In order to check if the diffracting components correspond to sulfur or to another element, I analyzed the same sample presented in figure 11.C using SEM coupled with EDS (Figure 12). SEM shows the presence of granules that looks gray (Figure 12.A) when analyzed with EDS, the granules looks to be sulfur granules (Figure 12 B, C and D). This confirms that these purple bacteria are metabolizing sulfite and integrate sulfur in their cytoplasm. It’s worth mentioning that not all the cells were integrating sulfur. This could be explained by either I didn’t have a pure culture or the amount of sulfur wasn’t saturated. I tried 10mM of sulfite and the cells were growing. I also plated them to have pure colonies and restart the test but there was no time to continue the analyses.

Figure 12. SEM and EDS analyses for the purple sulfur bacteria grown on 8 mM sulfite. A. SEM micrographs of the same samples observed in figure 11.C. B. EDS of (A). C. Elemental analyses of one of the granules in (A), analyses show the presence of sulfur in these granules. D. Elemental analyses (B). S, sulfur; C, Carbon.

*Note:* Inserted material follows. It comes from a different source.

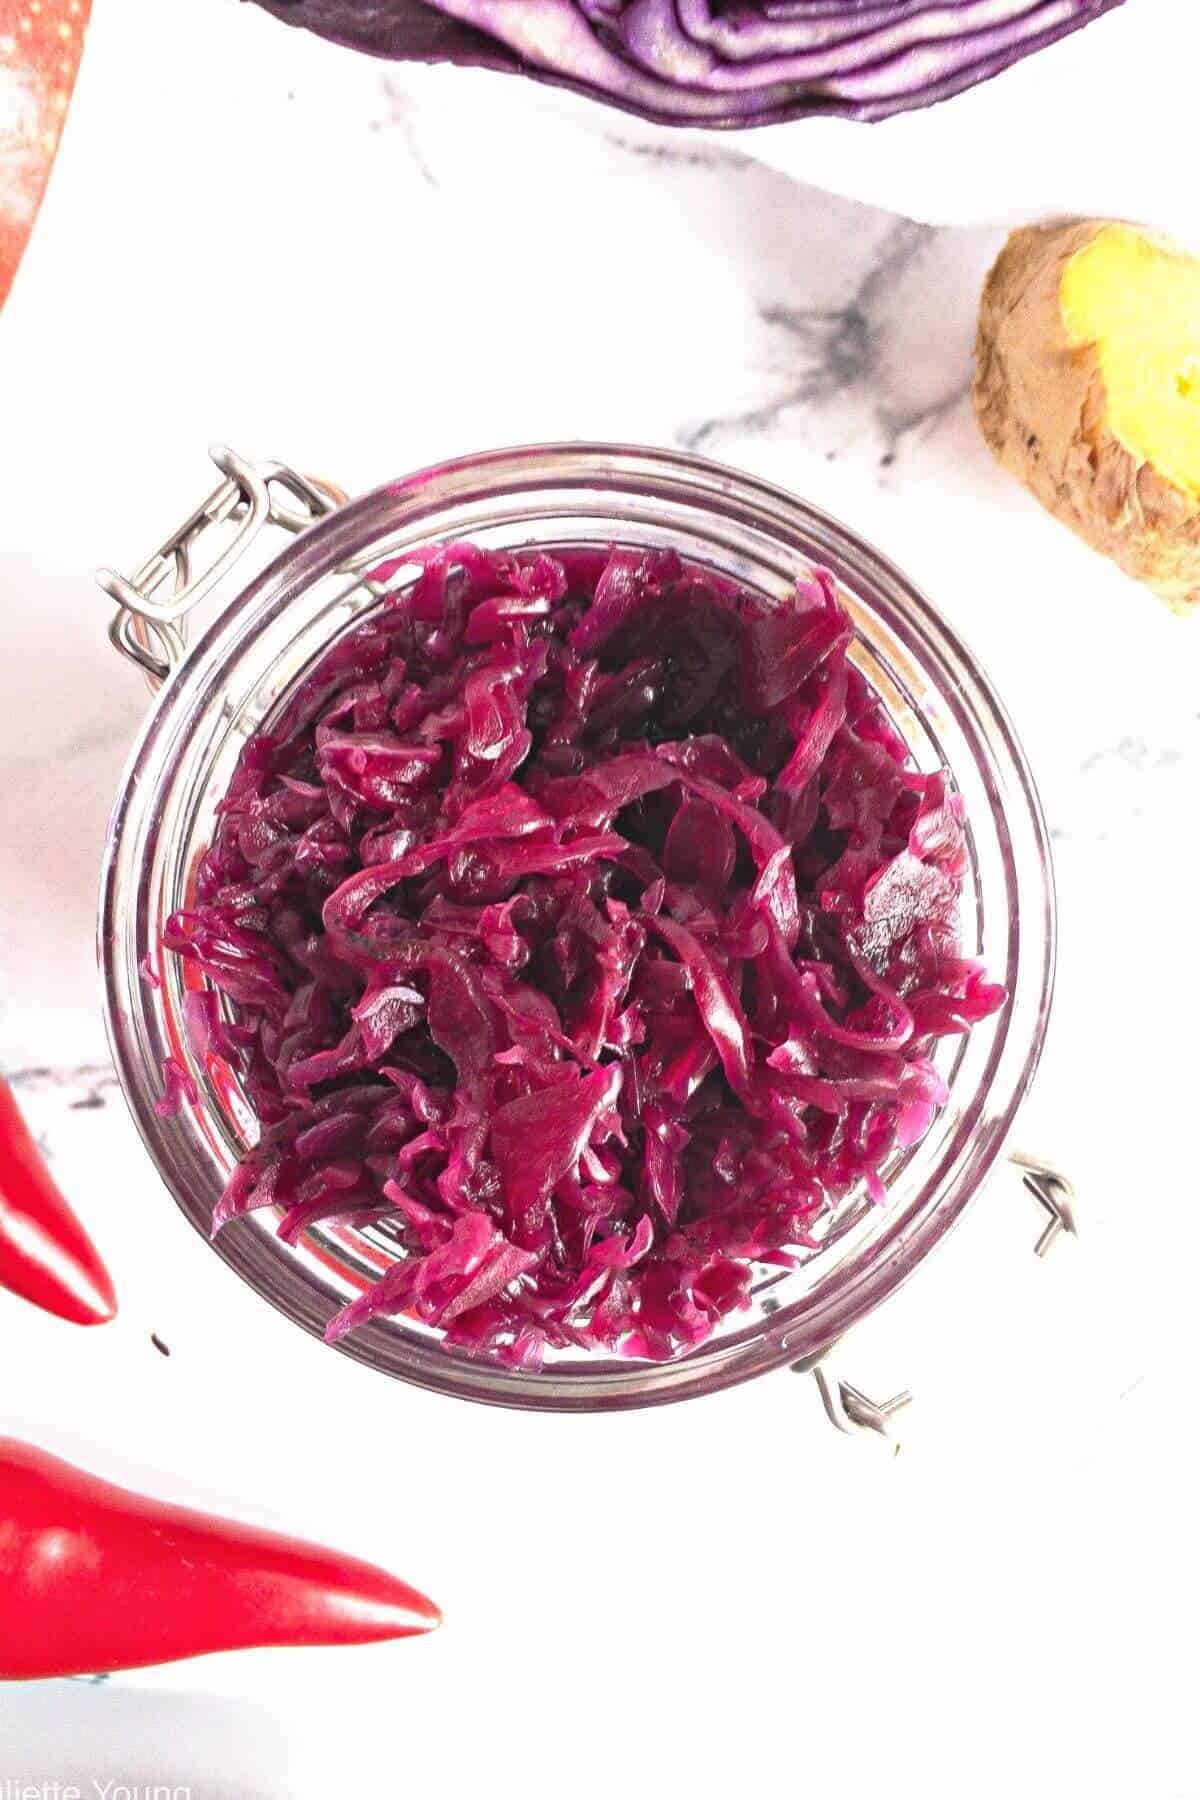 Top down view of a jar of red cabbage sauerkraut and red chillies.

Conclusion The enrichment I made using methane or methanol as electron donor were promising. Both purple bacteria and green bacteria were obtained based on pigment contents and sequencing. However the time in which the experiments is done is short especially considering the growth rate of the obtained cultures.

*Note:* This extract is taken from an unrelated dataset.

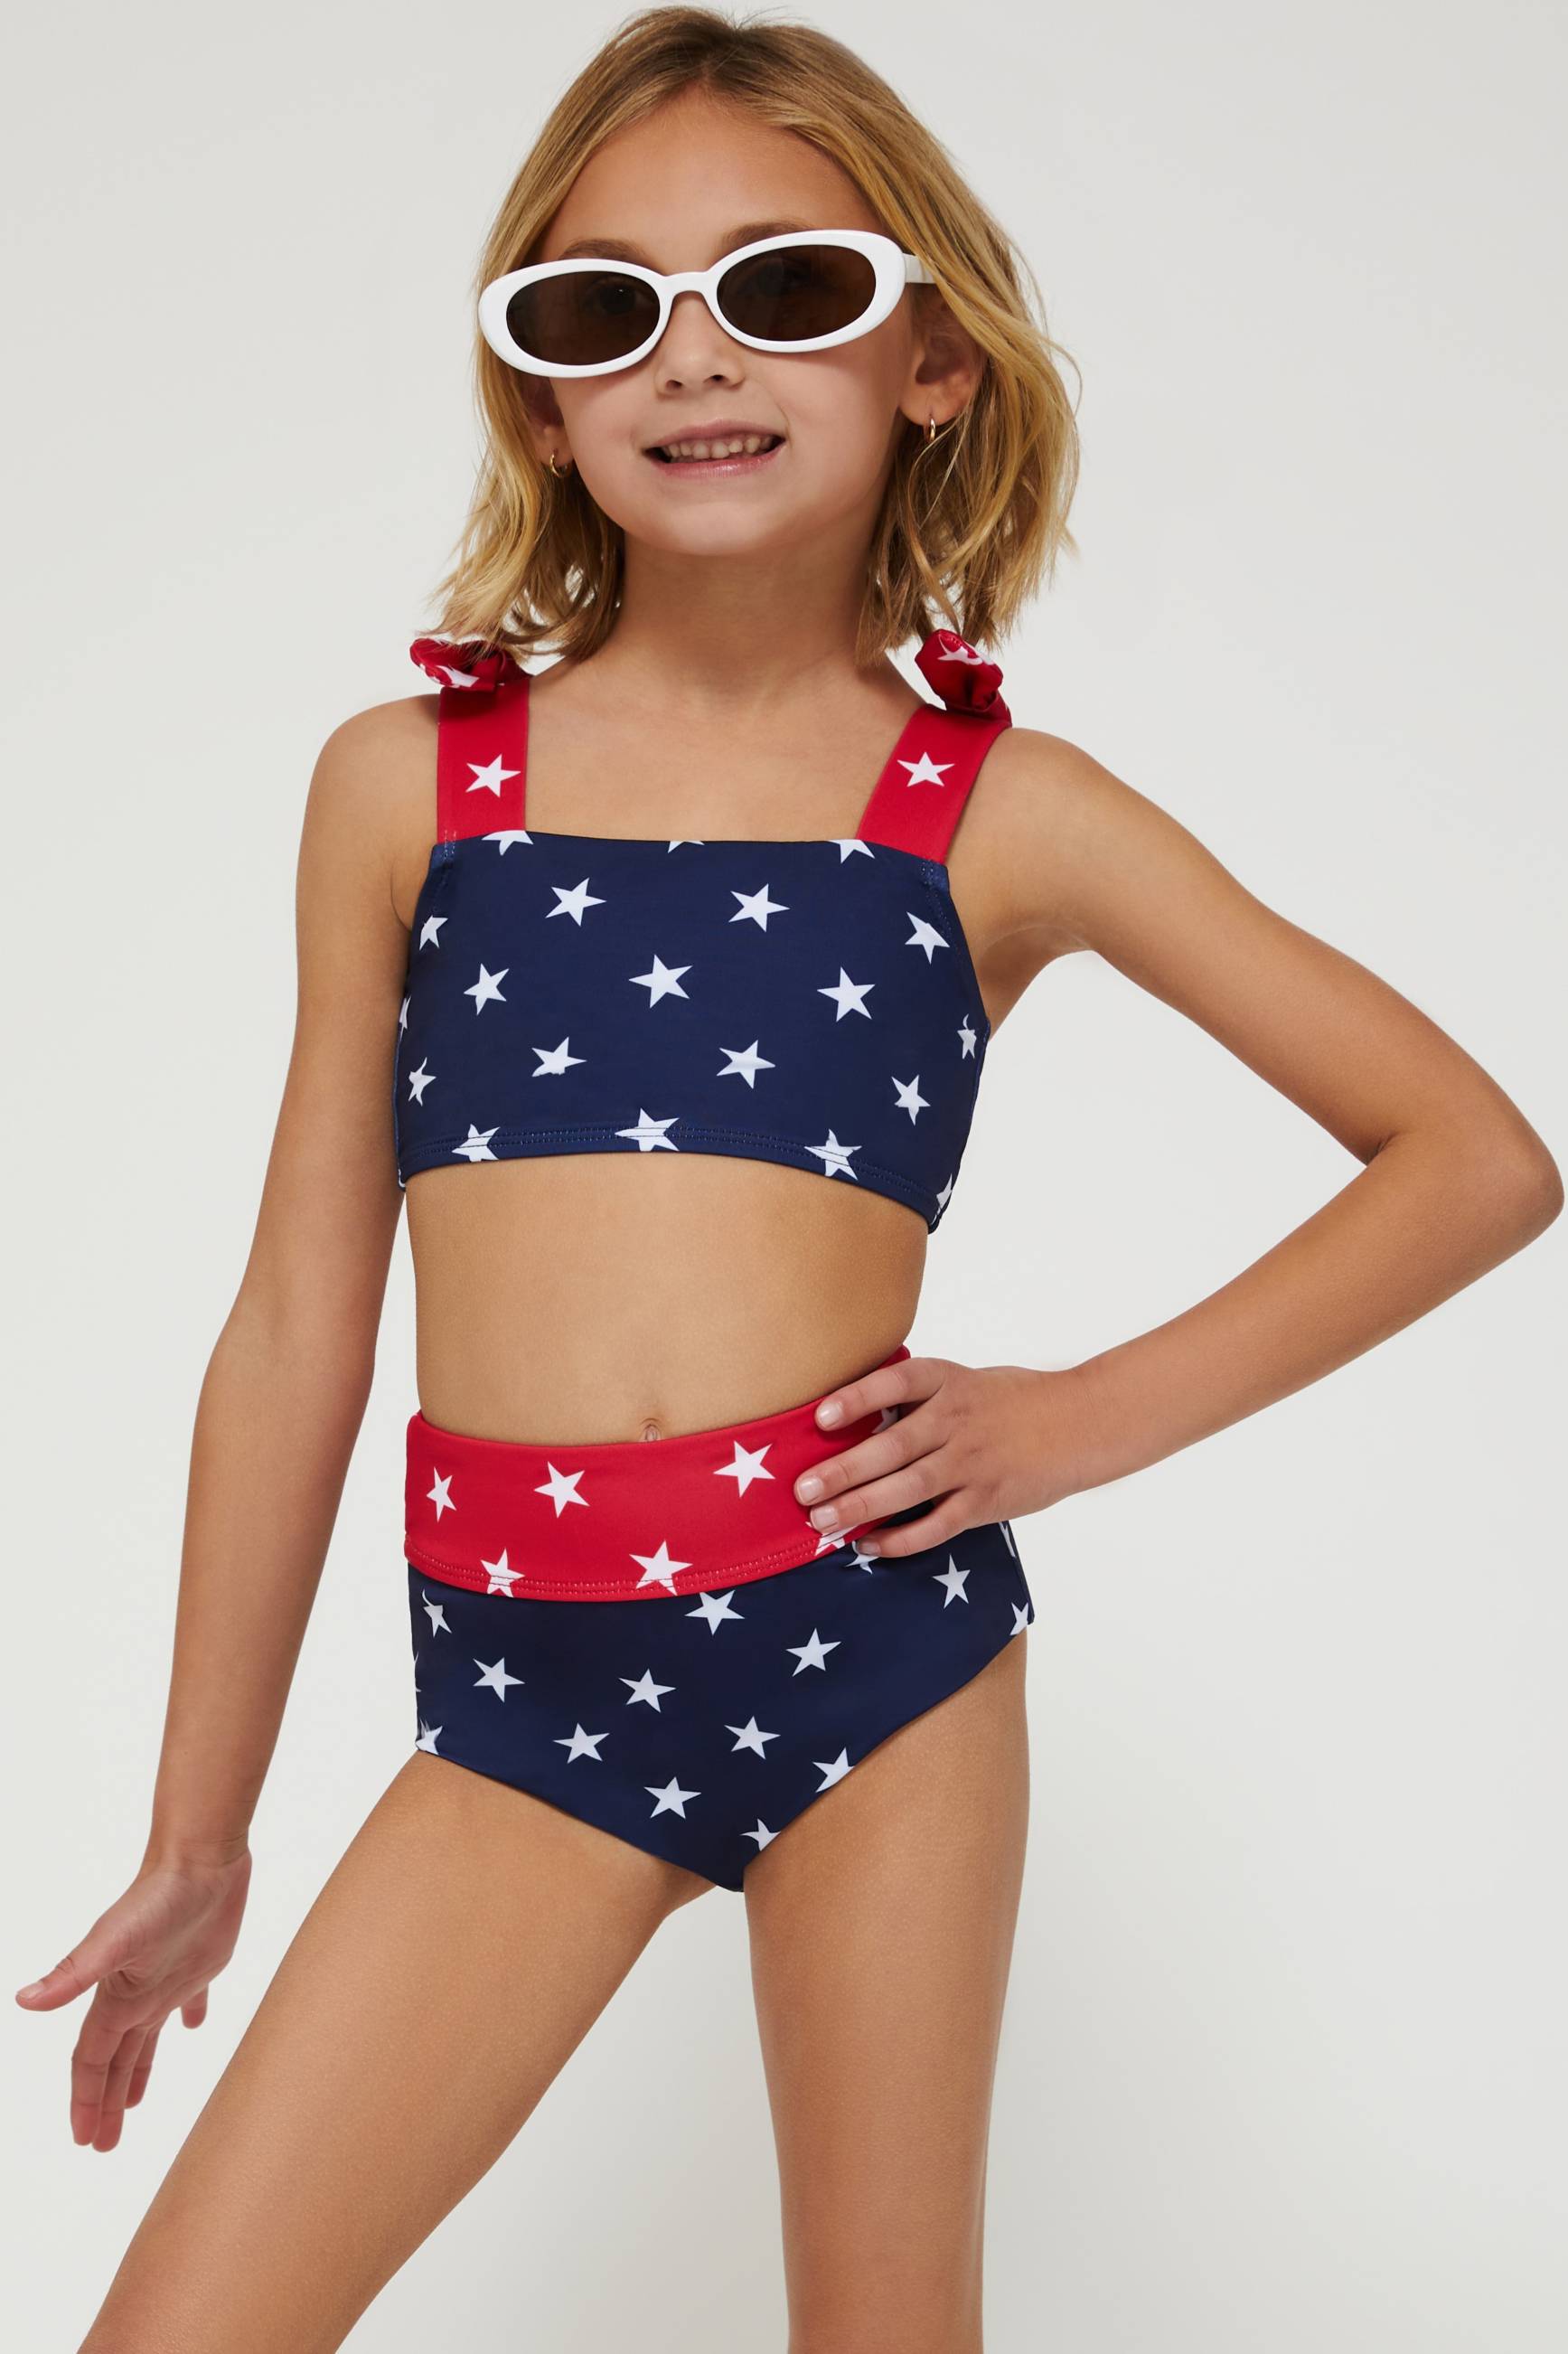 red and navy two piece swimsuit with stars for little girls

Acknowledgments I would like to thank Kurt Hanselmnann, Arpita Bose and Jared Leadbetter for the scientific discussion. I would like to thank the entire faculty for all the various discussions and for giving me the opportunity to attend the course. I also would like to thank my P.I Prof. Robert Haselkorn, the “Planetary Internship Scholarships” and the “Simons MD Scholarship” for my financial aid support for the course.

Bibliography

Damgaard, L.R., Hanselmann, K., 1991. A spread sheet for the calculation of free energies under actual conditions. Based on K.W. Handelmann 1991. 645–687. Hohmann-Marriott, M.F., Blankenship, R.E., 2011. Evolution of Photosynthesis. Annu. Rev. Plant Biol. 62, 515–548. doi:10.1146/annurev-arplant-042110-103811 Overmann, J., Fischer, U., Pfennig, N., 1992. A new purple sulfur bacterium from saline littoral sediments, Thiorhodovibrio winogradskyi gen. nov. and sp. nov. Arch. Microbiol. 157, 329–335. doi:10.1007/BF00248677 Quayle, J.R., Pfennig, N., 1975. Utilization of methanol by rhodospirillaceae. Arch. Microbiol. 102, 193–198. doi:10.1007/BF00428368 Slonczewski, J., 2010. Microbiology: An Evolving Science, Third Edition edition. ed. W. W. Norton & Company, New York. Trost, J.T., Brune, D.C., Blankenship, R.E., 1992. Protein sequences and redox titrations indicate that the electron acceptors in reaction centers from heliobacteria are similar to Photosystem I. Photosynth. Res. 32, 11–22.